We roll out into the corridor and through an airlock, heading into the docks. The place is a shambles after the gravity outage, but the cleanup crews are already at work. We move quick, Dariel shuffling alongside me, scowling and scratching his head. I’m sorry to say it, but I’m guessing Finian gets his brains from one of the other three sides of his family.
“Okay, explain it to me again,” Dariel says.
“This,” Zila notes, pulling off her helmet, “will be the third time.”
“I’m a lover not a thinker.” The Betraskan winks. “By the way, you got a number, I—”

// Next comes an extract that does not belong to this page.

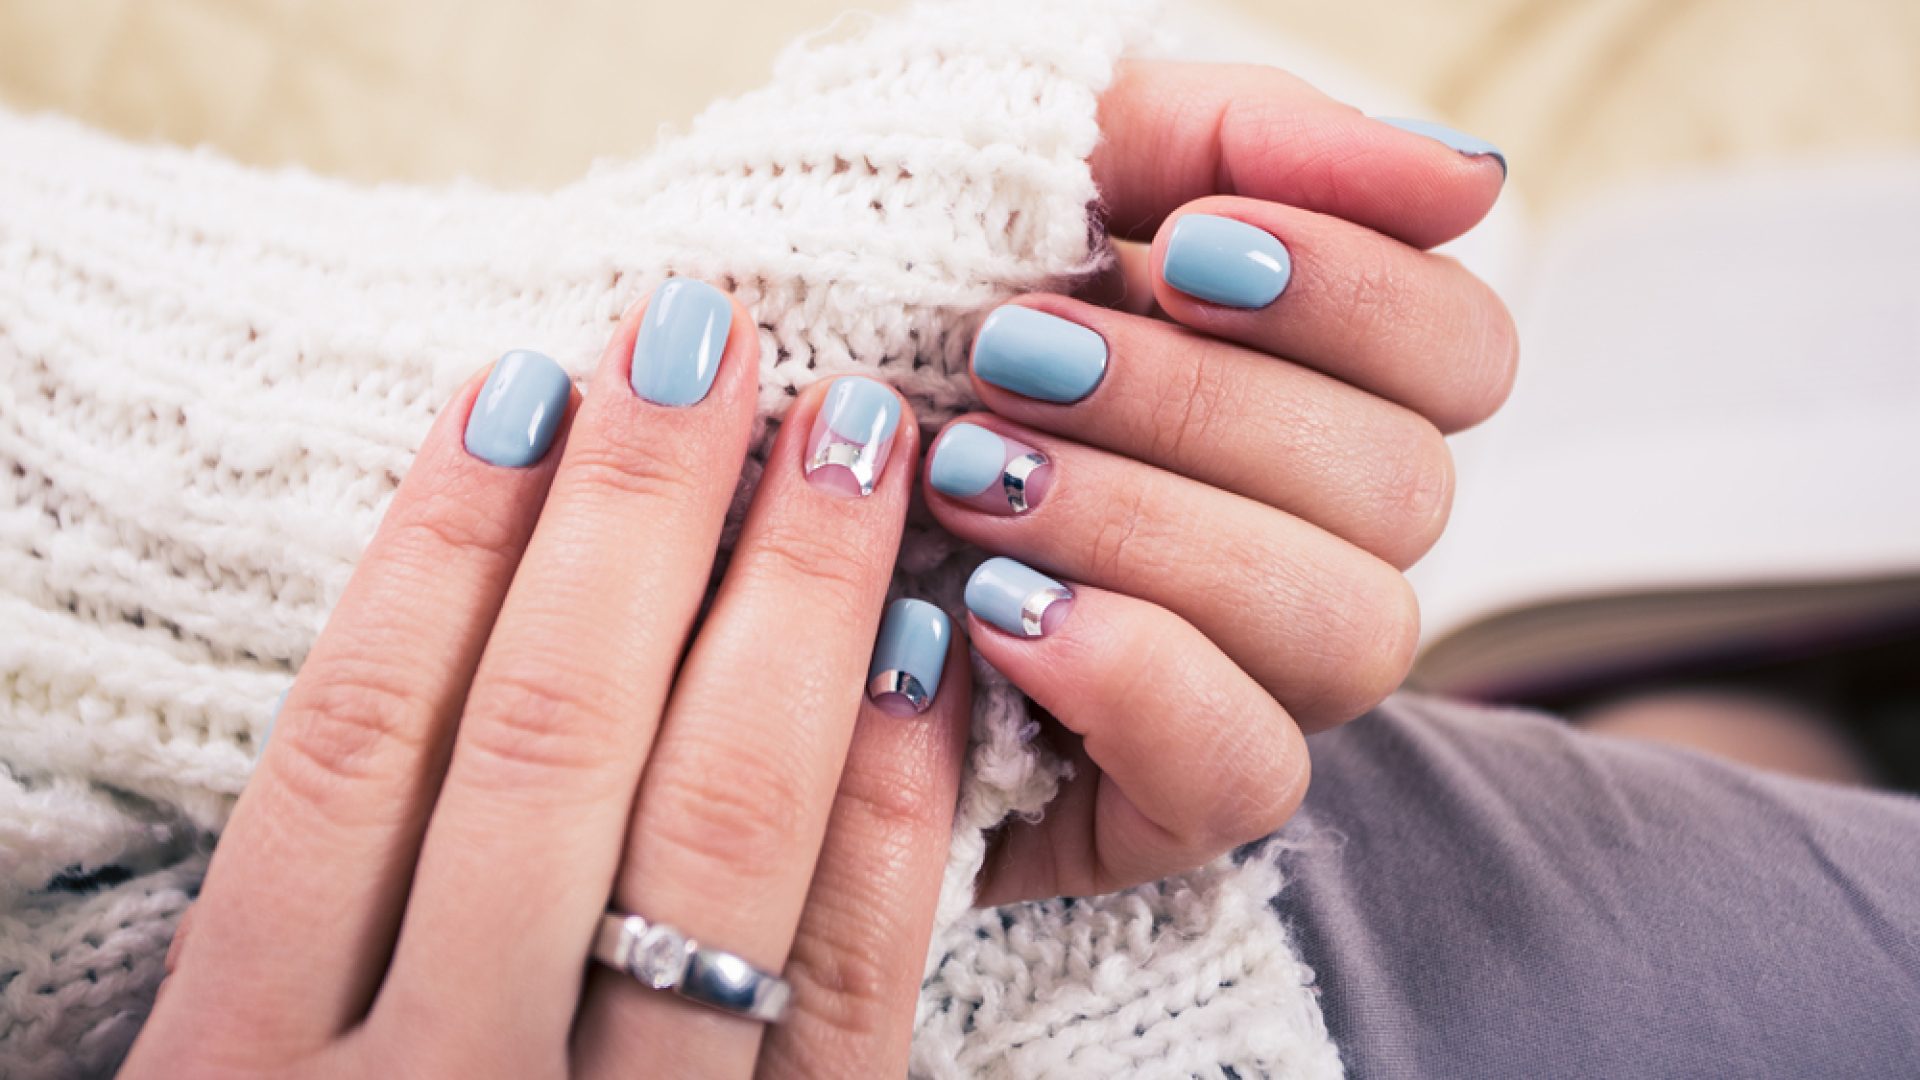 Removing Gel Manicures At Home Is Easy And Cheap — Watch These Youtube Tutorials That Will 0207

“It was like Fin said,” I say. “There was no way to pull this off without getting caught. So once the GIA tried to flip Cat, I counted on it. The original plan was to snatch Bianchi’s code and get into his office. The GIA would hit the den at a time they arranged with Cat, arrest Fin, cut off our comms. They’d then alert Bianchi to our scam, and everyone could roll down to the office and catch us. If the GIA worded up Bianchi beforehand, we’d just get killed by his security teams and they’d get nothing. But catching us red-handed, the GIA would look like heroes.”